The DPE stated in writing immediately after the accident that, "As I attempted to recover, it seemed as though the engine did not respond. However I am not sure if it stopped since this all happened within 1 second or two." The DPE stated in writing with the NTSB Pilot/Operator Aircraft Accident Report form what he asked during the oral examination. Following that he conducted a preflight briefing with the CFI applicant which included discussion of various procedures they would follow and the guidelines for executing the required maneuvers. Following the preflight inspection of the helicopter, the CFI applicant performed airwork followed by several straight-in autorotations to a power recovery, then one straight-in autorotation to touchdown. He reminded the CFI applicant sometime during the autorotations the main rotor rpm was falling below safe limits and he should keep it closer to the normal limits of 102-104 percent. The CFI applicant responded that he understood but his CFI had taught him that way to avoid any overspeeds during the flare.

The DPE then "directed" the applicant to perform a normal takeoff and try a "required" 180-degree autorotation to a power recovery. The flight departed and the CFI applicant entered the autorotation. During the left turn the low main rotor horn came on at approximately 97 percent, and the CFI applicant continued the descending turn until he was between 100-200 feet above ground level, at 40 knots airspeed, and a nose down attitude. When the flight was about 1/2 way into the 180-degree turn he felt the aircraft descending rapidly and he stated, "the rpm is too low" as he observed it descending through 80 percent. He heard a response from the CFI applicant and he took the controls when he observed the main rotor rpm "...decreasing through 80%...." He grabbed the controls and felt the applicant pulling up even further on the collective. He (DPE) simultaneously pushed the collective full down, rolled on full throttle and applied left cyclic control input. He was only able to turn the helicopter 40 degrees and the helicopter contacted the runway near the centerline at about a 40-degree angle while in a level attitude. He estimated the helicopter skidded approximately 125 feet before coming to rest upright. They both exited the helicopter and he asked the CFI applicant if he remembered whether or not the engine was running when he opened full throttle since he did not get the expected response from the engine when he opened full throttle. The CFI applicant responded, "I don't remember what should I say." He advised the CFI applicant to stick to your story about not remembering. He indicated on the report that there was no mechanical failure or malfunction.
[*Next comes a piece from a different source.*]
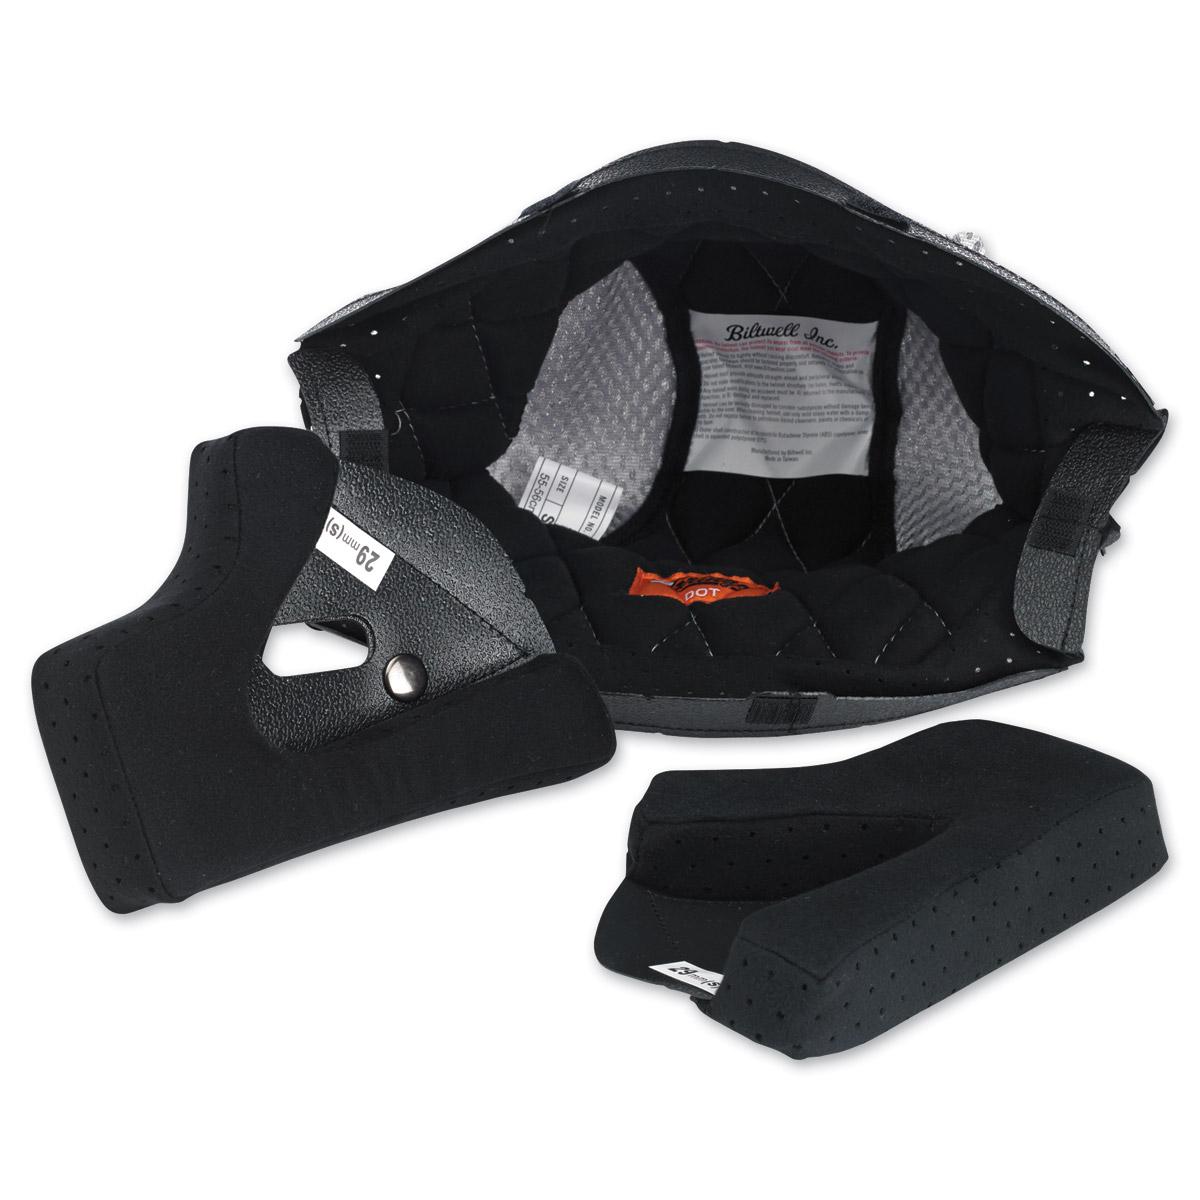 Biltwell Inc. Gringo/Gringo S Black/Silver Helmet Liner

Review of a document provided by Robinson Helicopter Company pertaining to a flight evaluation by the CFI applicant 6 days before the accident revealed the instructor indicated the CFI applicant was average in all areas, which included 180-degree autorotations.

Review of the procedures for practice autorotation with a power recovery revealed, "Keep RPM in green arc and airspeed 60-70 KIAS."

NTSB Probable Cause

The failure of the pilot to maintain the proper airspeed during the practice 180-degree autorotational landing and his failure to maintain main rotor rpm resulting in a hard landing. A contributing factor in the accident was the delay by the designated pilot examiner to take the controls from the pilot after recognizing that the airspeed and main rotor rpm were low.